RECORDED INFORMATION:
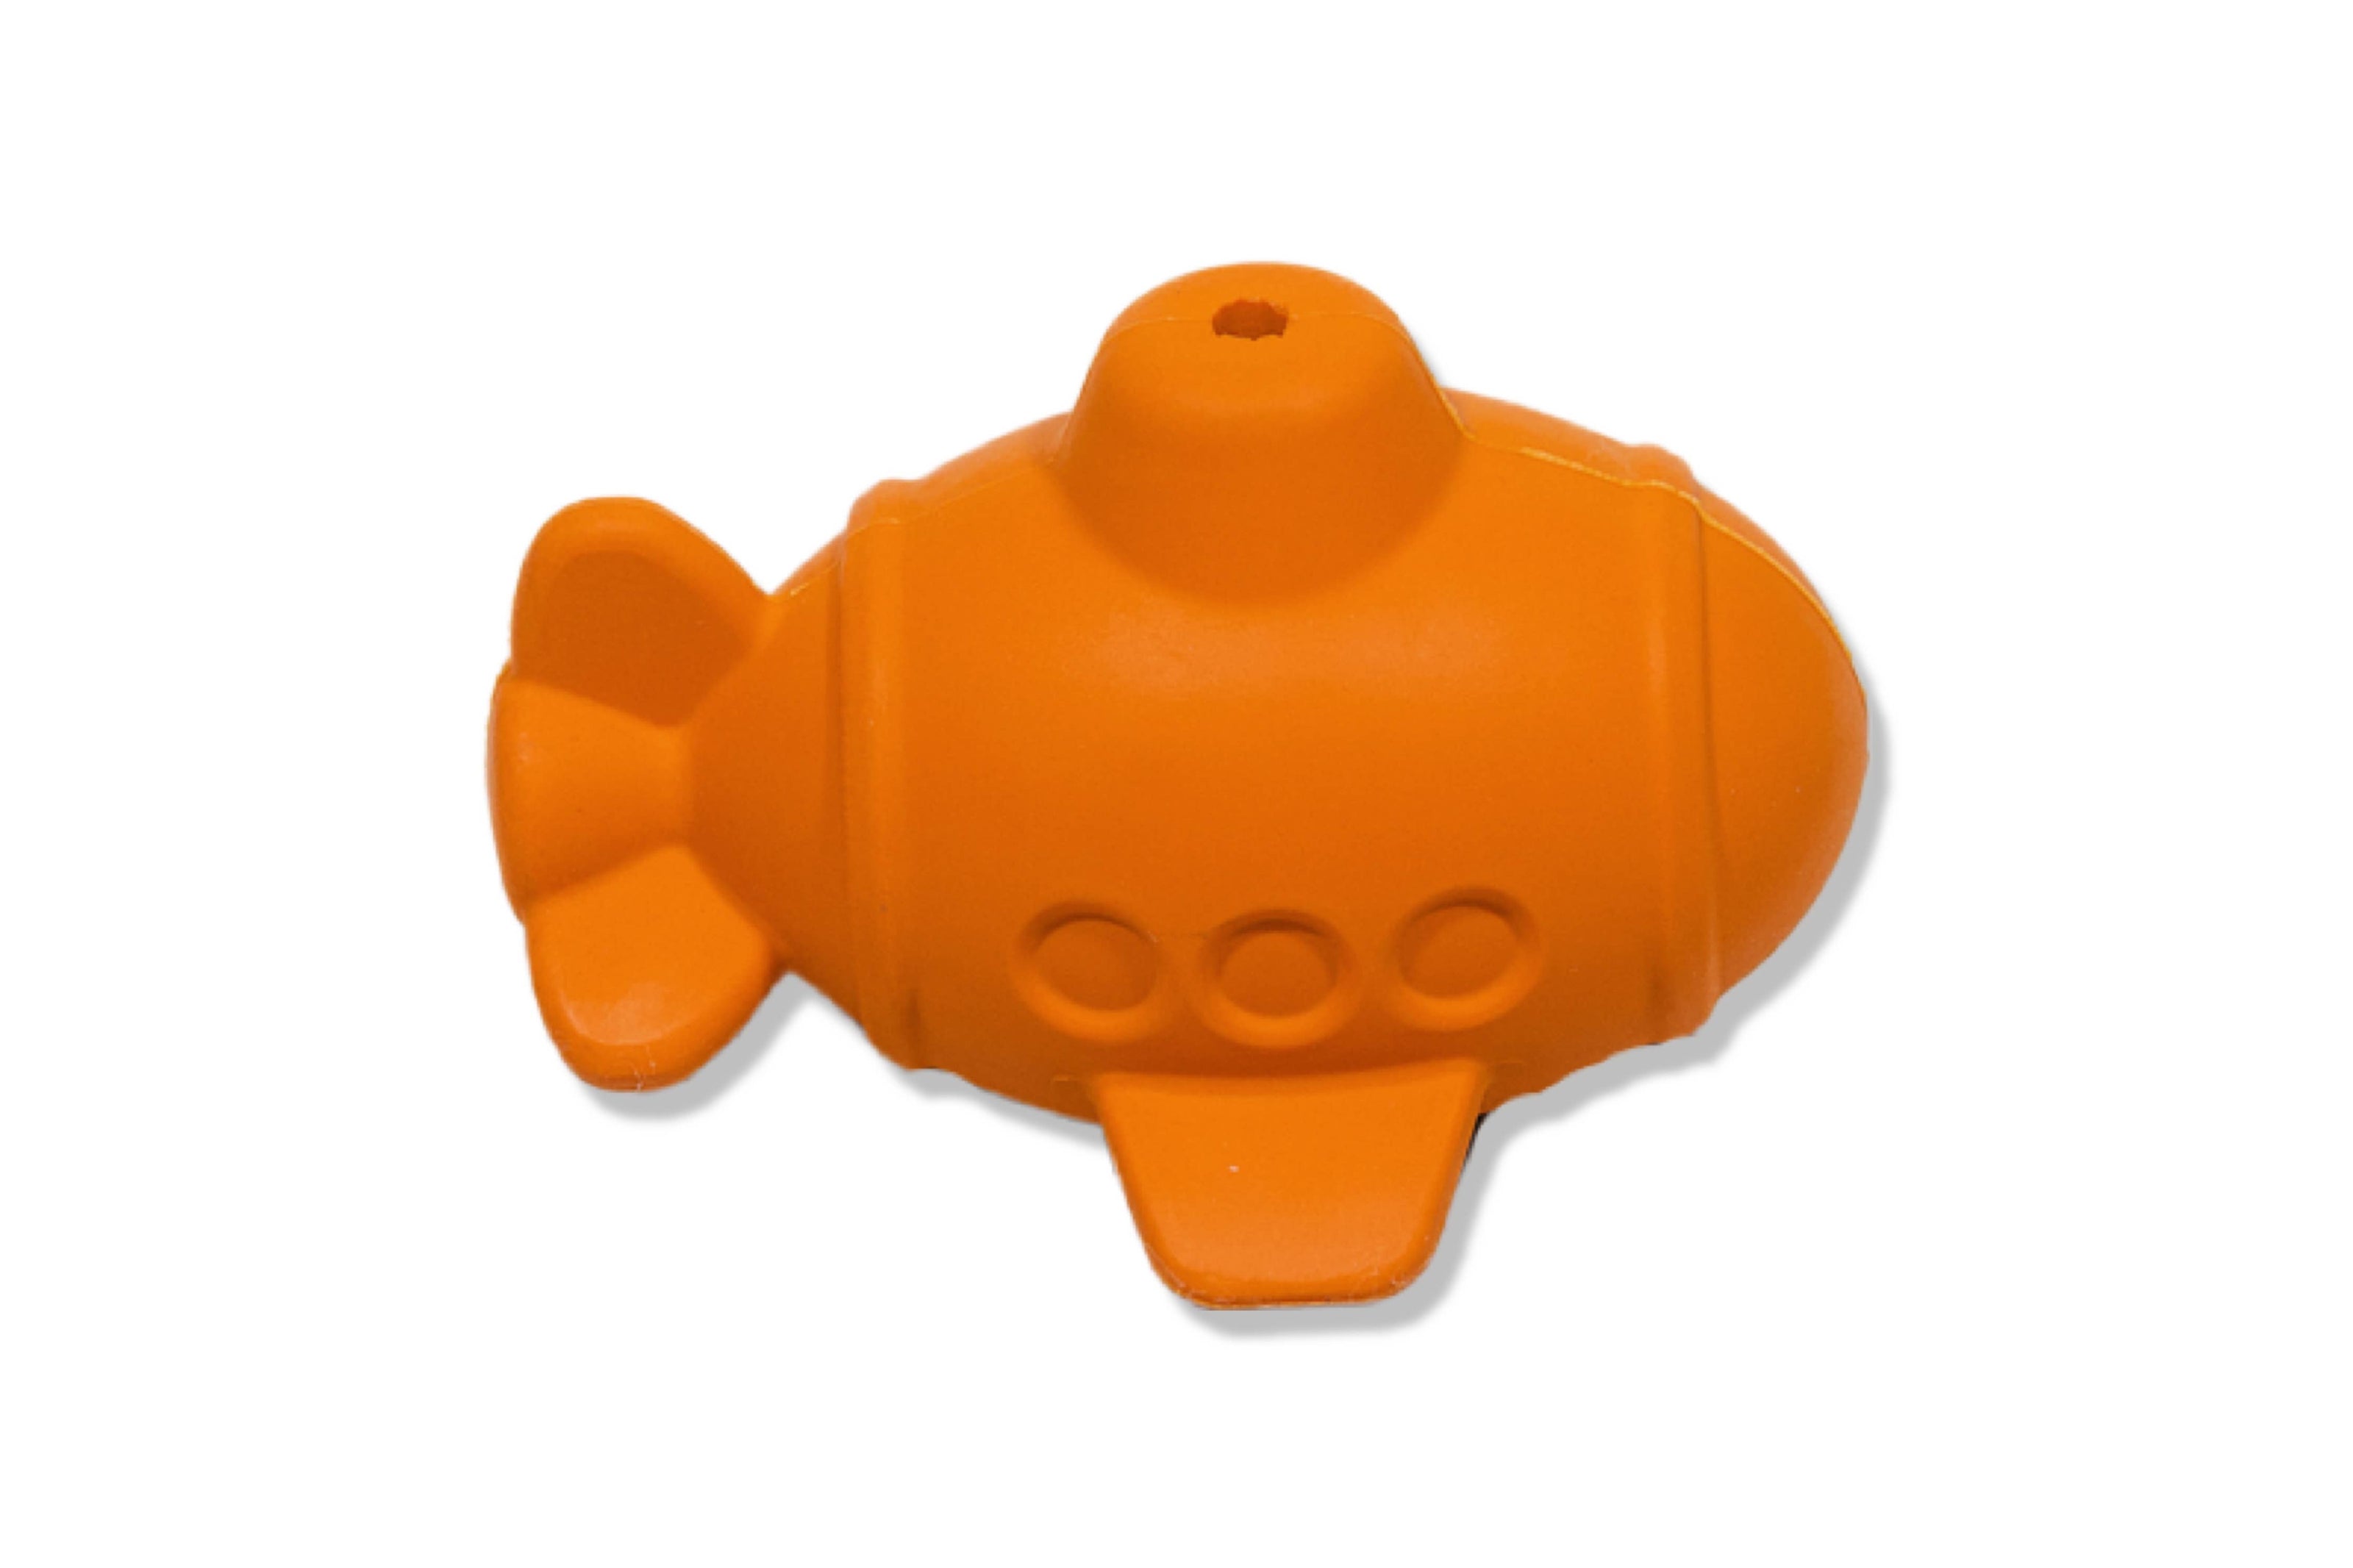 Water Pals Toy - Extra Large Drain Holes!
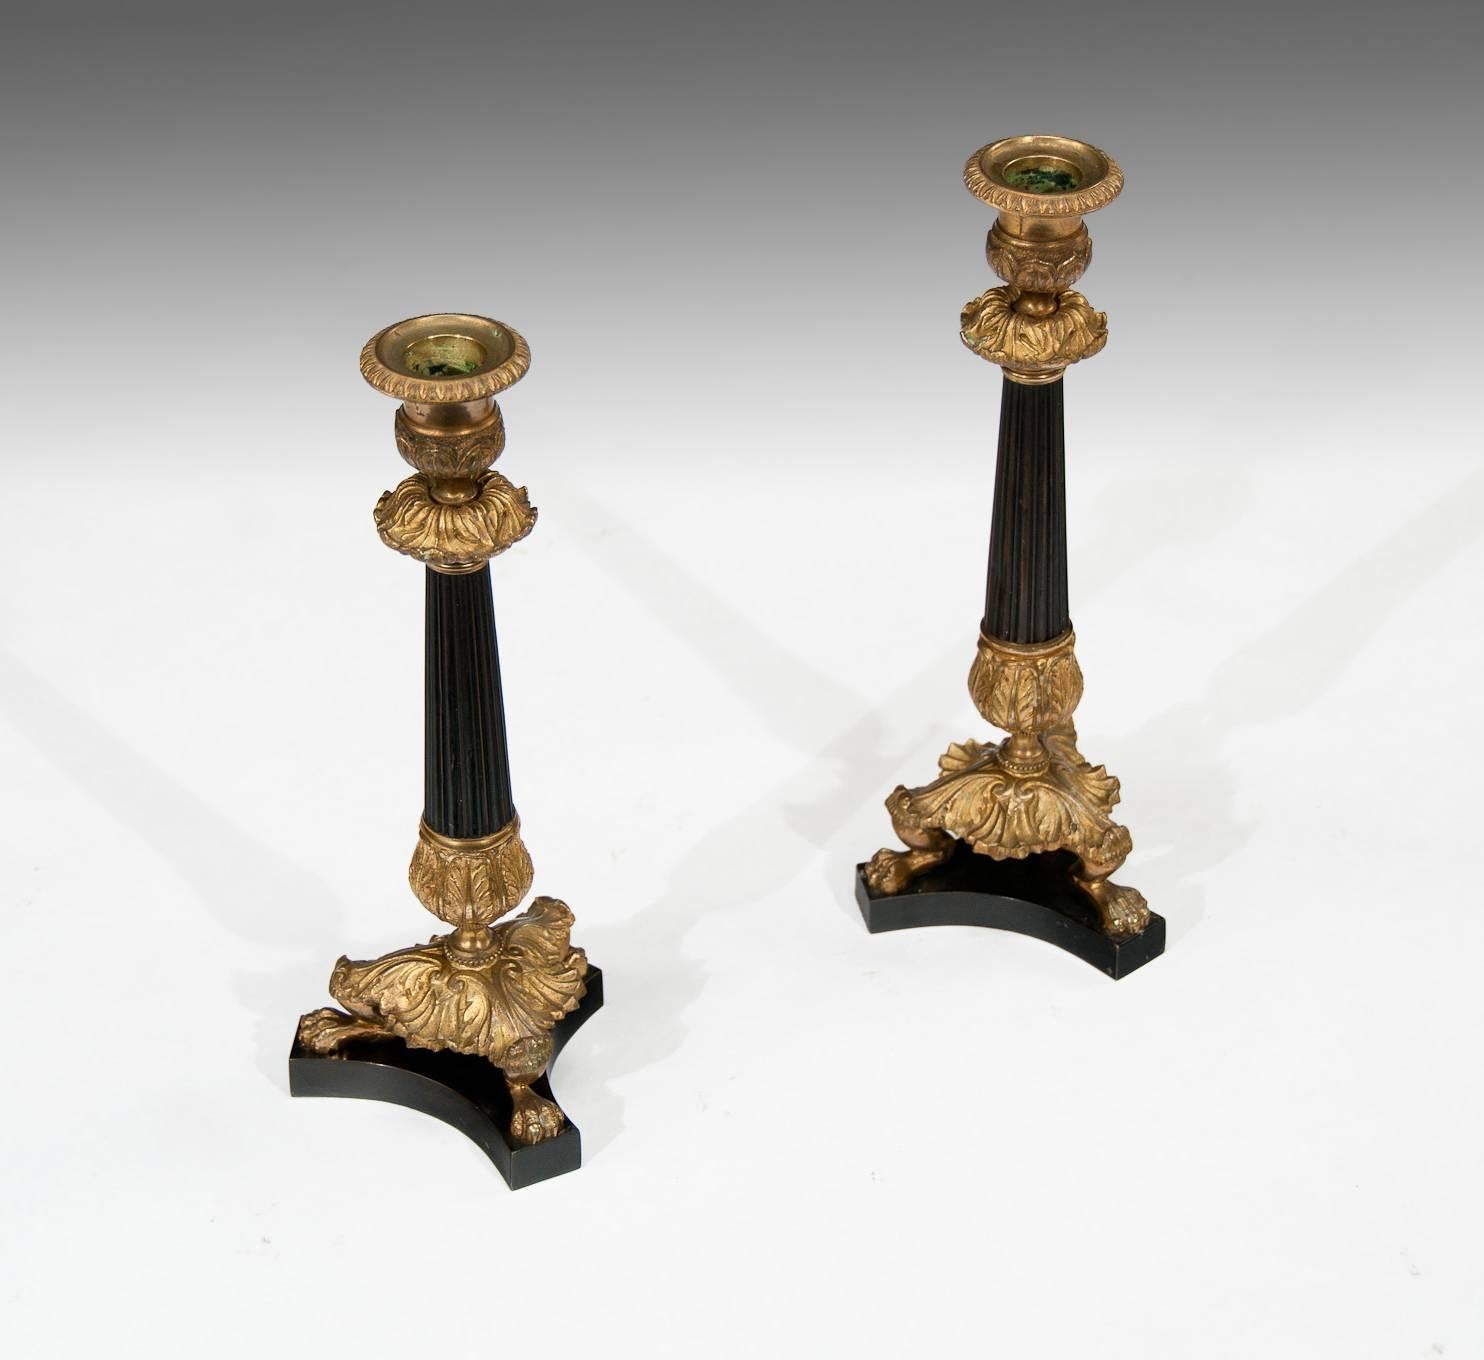 Empire Revival Good Decorative Pair of Bronze and Gilt French Candlesticks
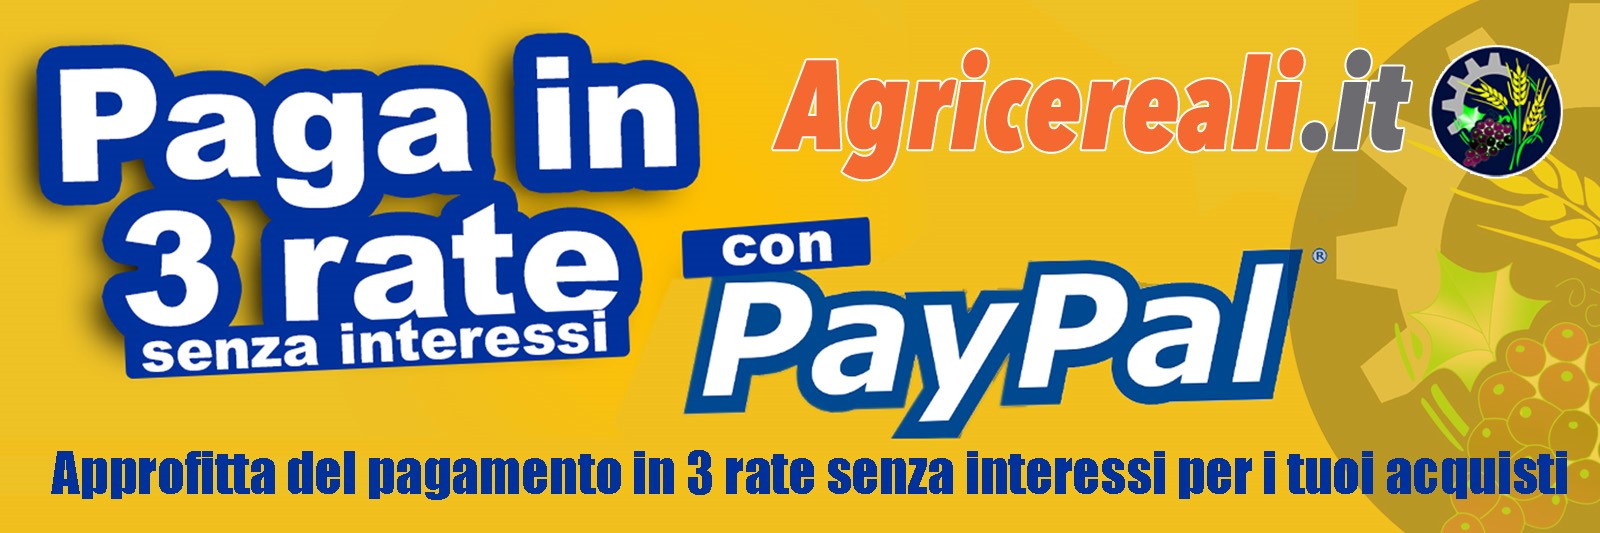 paypal3rate

TASK DETAILS: Pictures stay out; reproduce exactly the lines from the one containing "Empire Revival Good" through the last line of the listing, both included.

SOLUTION:
 Empire Revival Good Decorative Pair of Bronze and Gilt French Candlesticks
 paypal3rate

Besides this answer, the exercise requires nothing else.